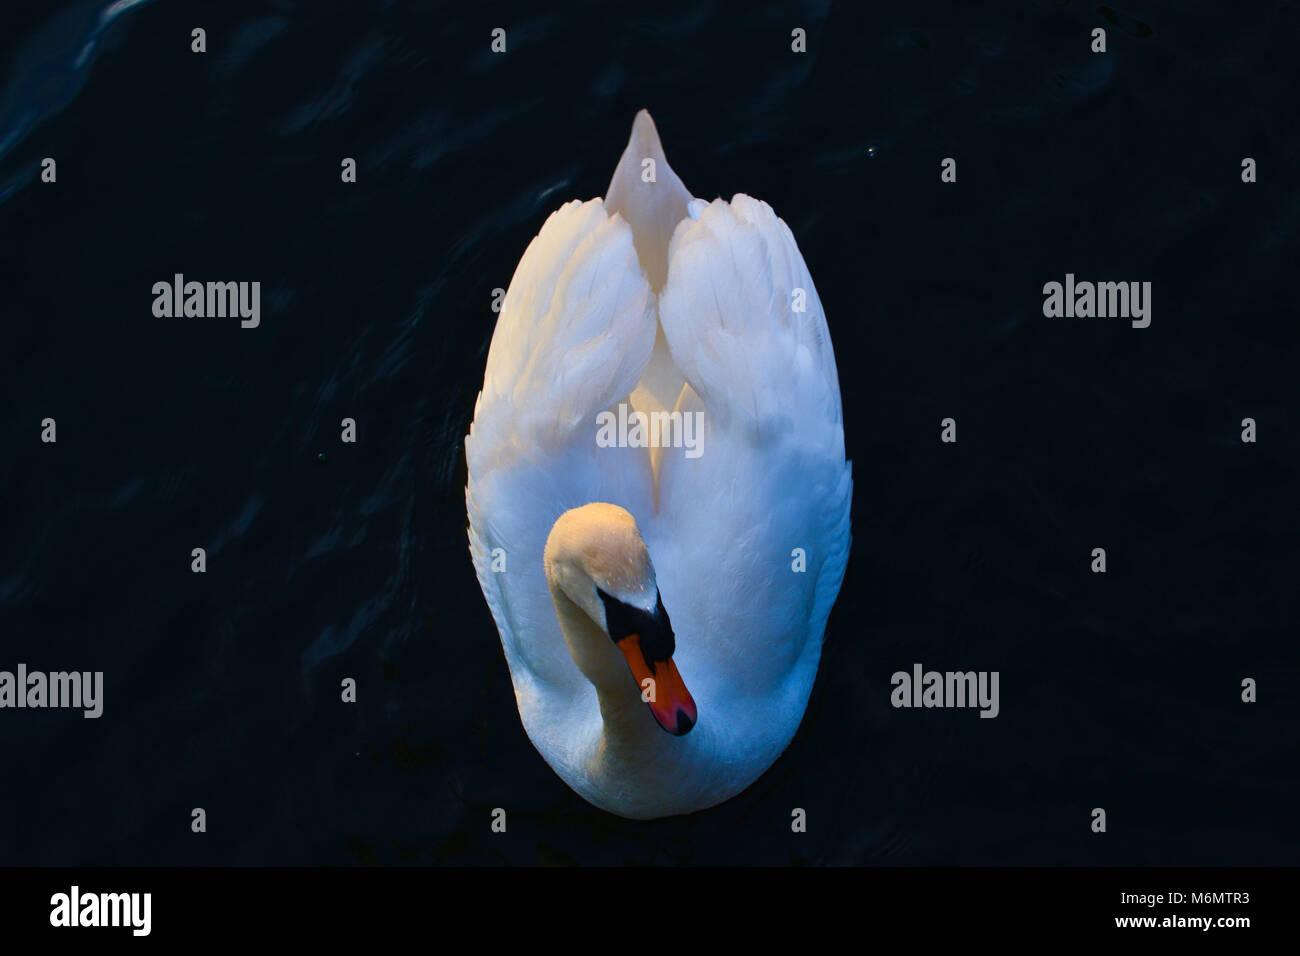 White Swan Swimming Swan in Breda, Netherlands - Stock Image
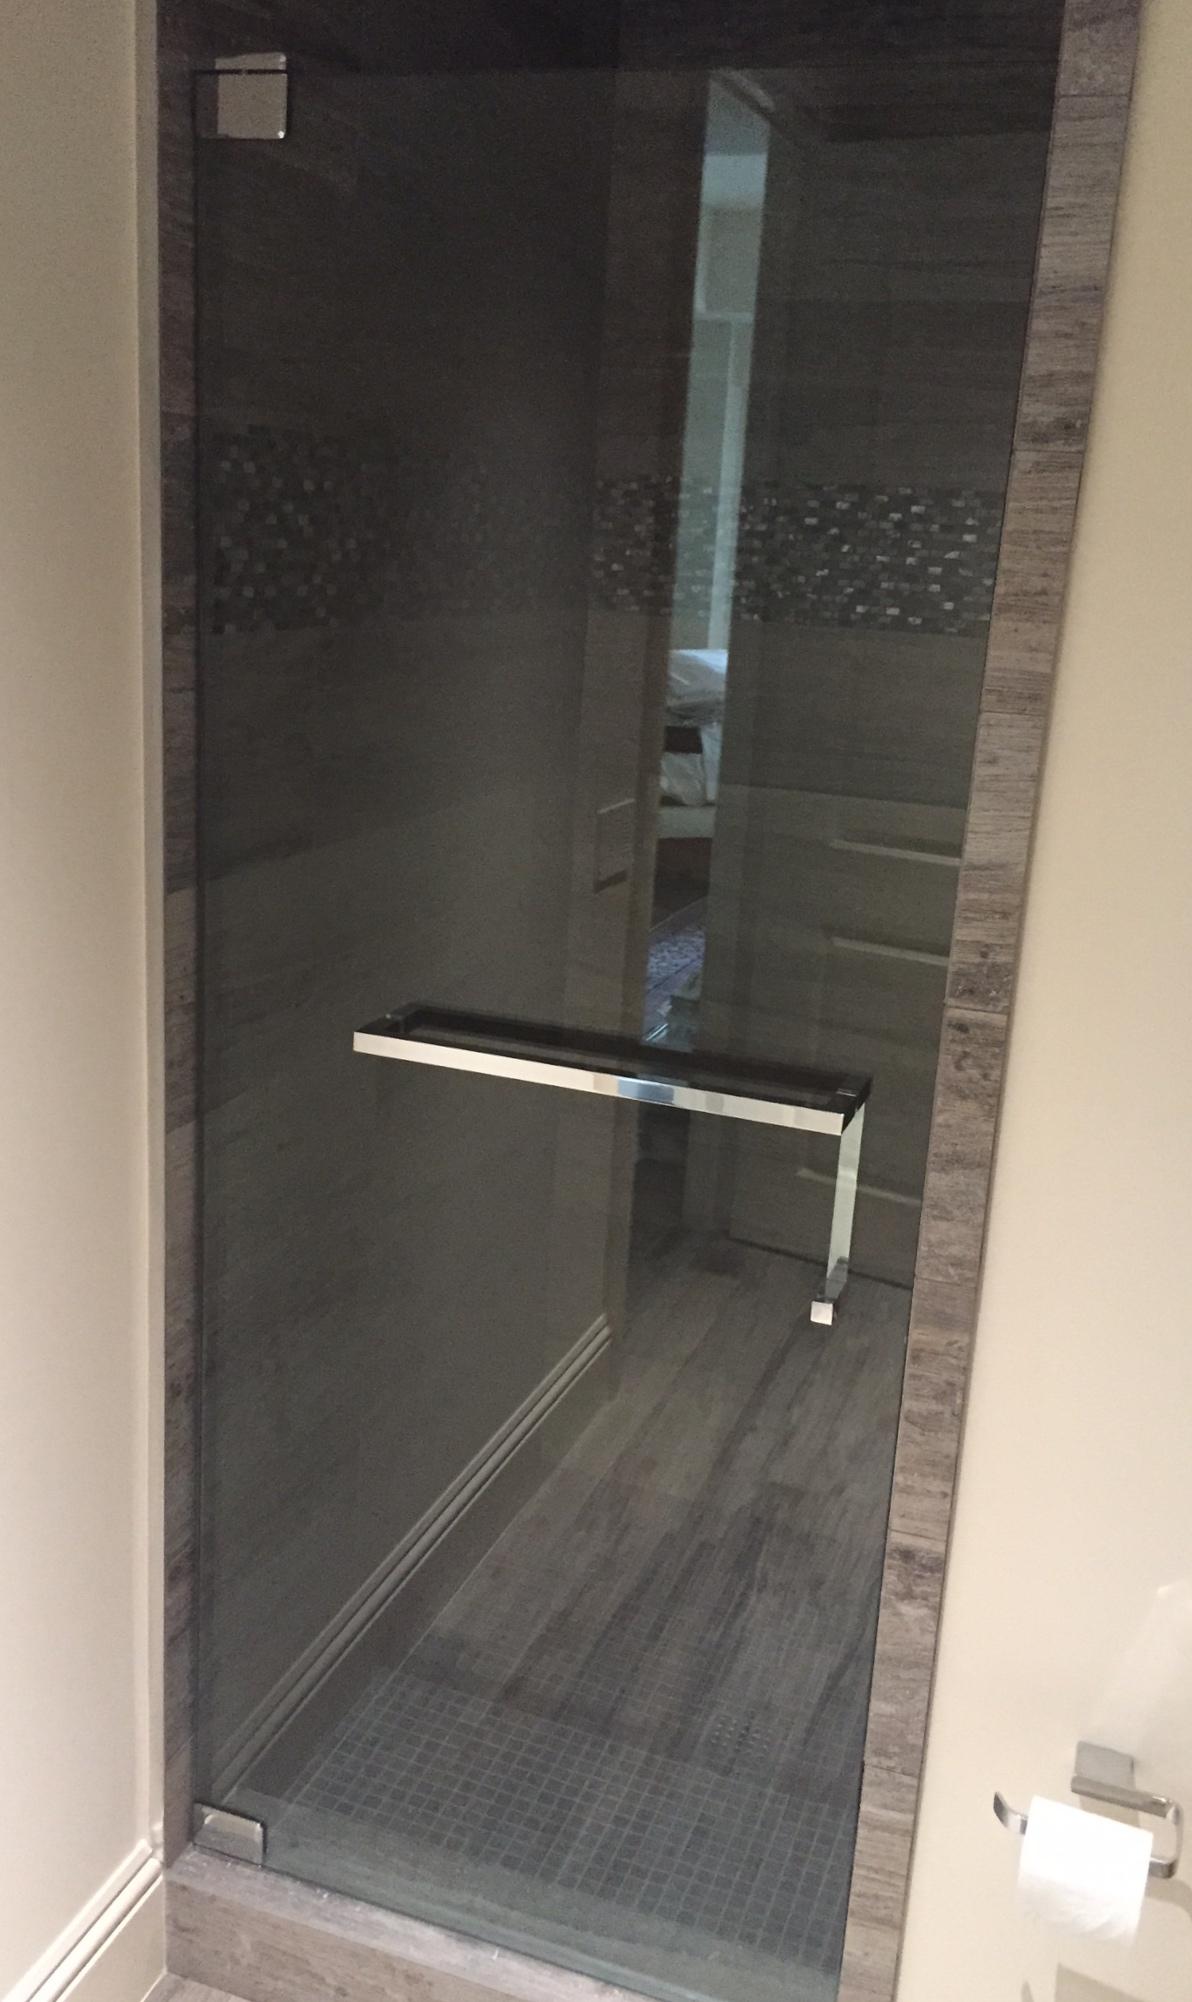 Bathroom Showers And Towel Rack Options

* * *

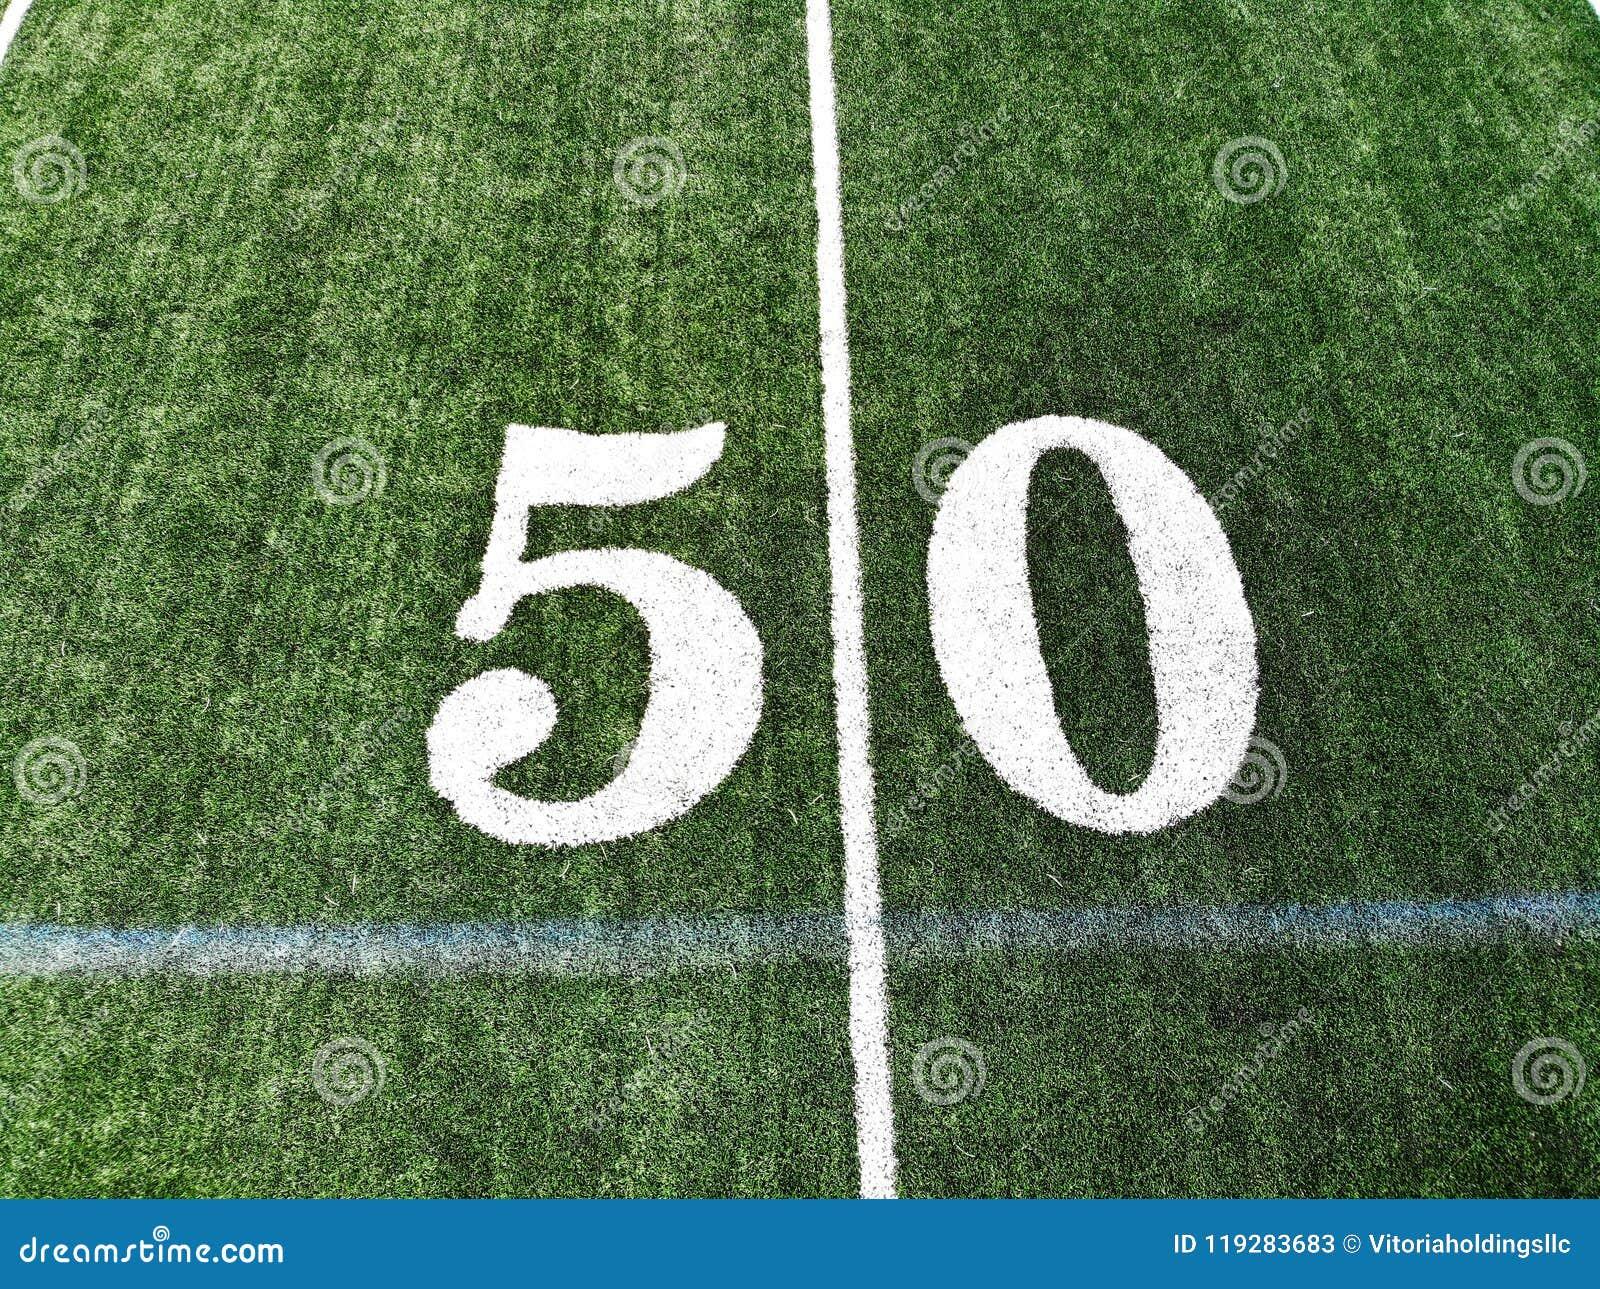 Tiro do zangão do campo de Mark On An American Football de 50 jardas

==

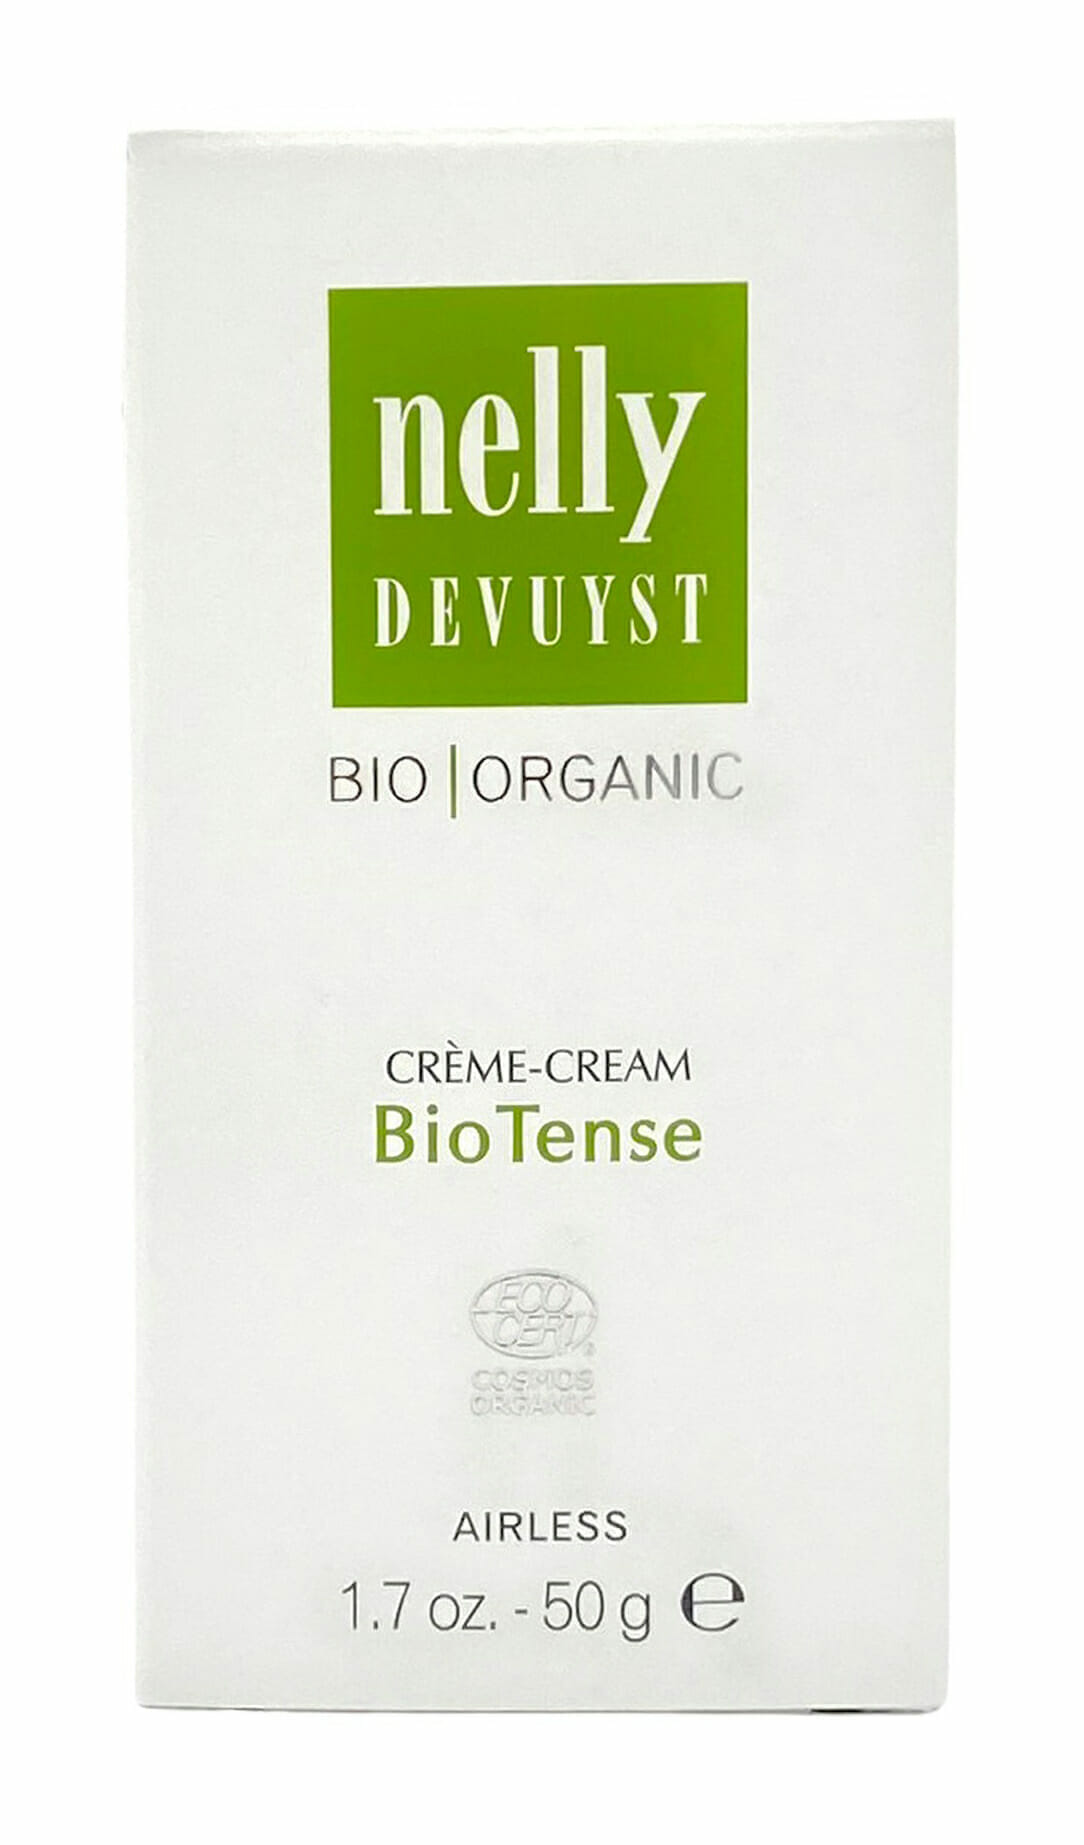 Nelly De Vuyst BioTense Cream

◆ Task description
From the material above, reproduce only what runs from the line holding "White Swan Swimming" down to the line holding "Bathroom Showers And Towel Rack Options", both included, pictures excluded.

◆ Final answer
 White Swan Swimming Swan in Breda, Netherlands - Stock Image
 Bathroom Showers And Towel Rack Options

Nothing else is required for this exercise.